According to the Royal LePage House Price Survey released today, the aggregate1 price of a home in Greater Vancouver increased 19.6 per cent year-over-year to $1,202,500 in the second quarter of 2021. Broken out by housing type, the median price of a single-family detached home increased 24.9 per cent to $1,625,000, while the median price of a condominium increased 9.4 per cent to $700,000 during the same period.
“While inventory is up slightly and demand seems to be decreasing heading into the summer months, Vancouver is still experiencing a seller’s market,” said Randy Ryalls, general manager, Royal LePage Sterling Realty. “Although not at the levels seen in April, competition remains high and continues to put upward pressure on prices. This is especially true in the single-family segment, where demand from local move-up buyers is strong.”
In the city of Vancouver, the aggregate price of a home increased 11.5 per cent year-over-year to $1,305,000 in the second quarter of 2021. During the same period, the median price of a single family detached home increased 14.6 per cent to $2,350,000, while the median price of a condominium increased 4.4 per cent to $774,000. Ryalls added that the market may see some relief in the summer, as widespread buyer fatigue sets in and health restrictions are lifted.

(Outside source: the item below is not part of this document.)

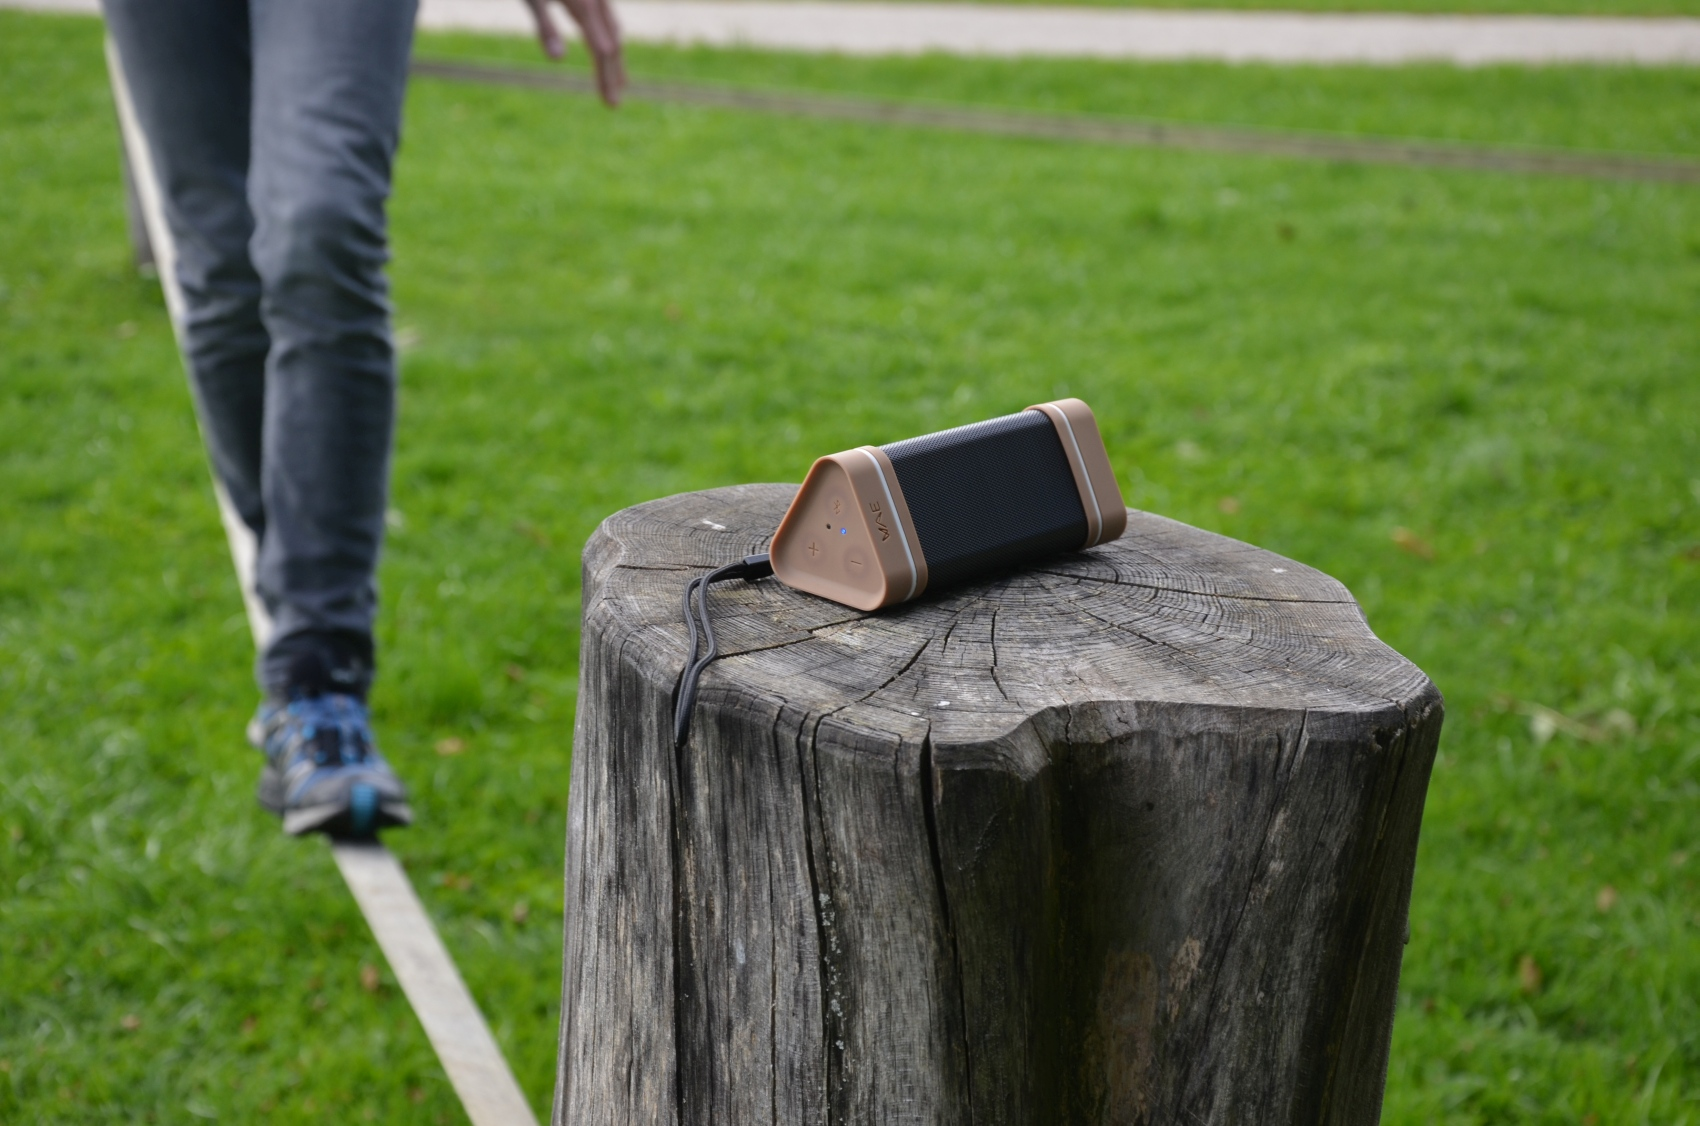 testbericht wae outdoor lautsprecher enziano blog. Black Bedroom Furniture Sets. Home Design Ideas

“I expect many Canadians will take advantage of the country’s reopening in the coming months, creating a bit of breathing room in the housing market. That’s normal for this time of year, but the fall will likely be another busy and competitive time to buy a property,” noted Ryalls.
Royal LePage is forecasting that the aggregate price of a home in Greater Vancouver will increase 15.0 per cent in the fourth quarter of 2021, compared to the same quarter last year. The previous forecast, released in April, 2021, has been revised upward to reflect the current state of the market.

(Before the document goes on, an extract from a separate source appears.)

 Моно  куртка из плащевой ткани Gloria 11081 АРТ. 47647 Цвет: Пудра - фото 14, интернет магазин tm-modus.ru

Nationally, the aggregate price of a home in Canada increased 25.3 per cent year-over-year to $727,000 in the second quarter of 2021, as inventory shortages continue across the country. Eighty-nine per cent of the regions surveyed saw year-over-year double-digit aggregate price gains, driven largely by increases in the single-family detached property segment. However, the level of competition seen in recent months is beginning to slow.

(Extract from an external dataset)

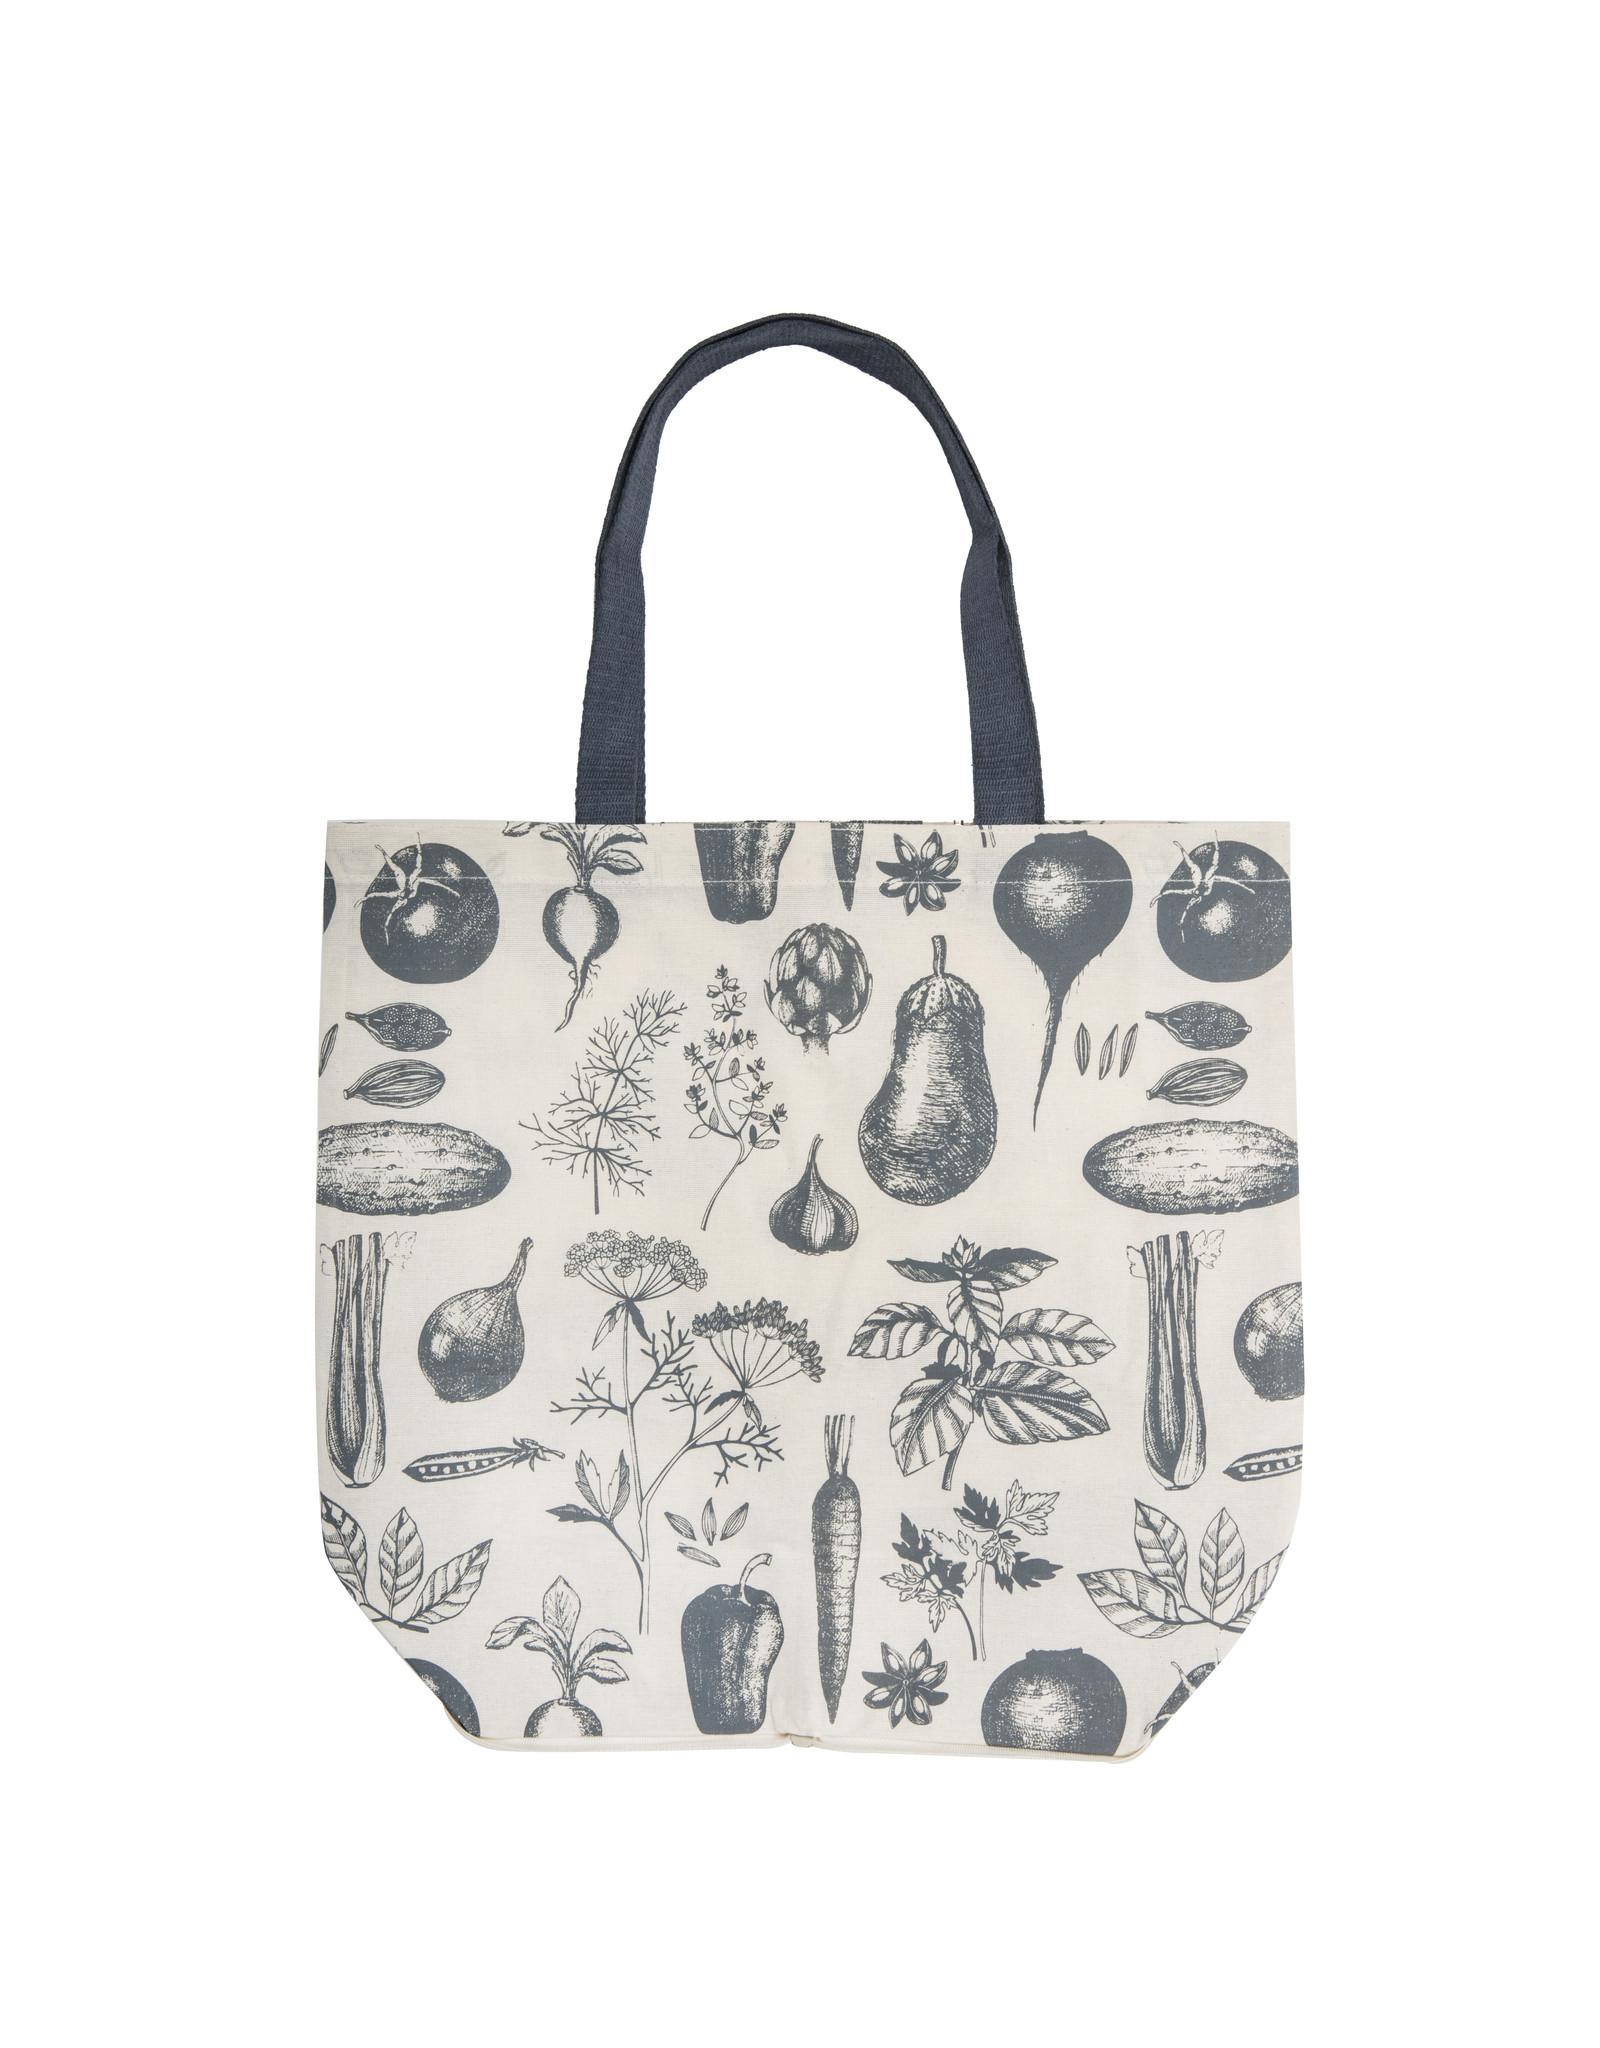 Stephanie Alexander Foldable Market Tote Bag

“After a year of record growth in the Canadian housing market, we appear to have passed the peak of price appreciation,” said Phil Soper, president and CEO of Royal LePage. “While current home price gains are expected to be sustained due to chronically low inventory and new demand from growing household formation, investors and newcomers, the torrid pace of home price appreciation has begun to moderate.”
The Royal LePage National House Price Composite is compiled from proprietary property data, nationally and in 62 of the nation’s largest real estate markets. When broken out by housing type, the median price of a single-family detached home rose 27.1 per cent year-over-year to $765,000, while the median price of a condominium increased 11.7 per cent year-over-year to $525,000. Price data, which includes both resale and new build, is provided by Royal LePage’s sister company RPS Real Property Solutions, a leading Canadian real estate valuation company.
During the second quarter, the company revised its House Price Survey methodology, including geographical boundaries and housing types. Royal LePage’s aggregate prices are calculated using a weighted average of the median values of all housing types collected. This improves accuracy as surges of transactions in the upper end or lower end of the real estate market are less likely to skew results.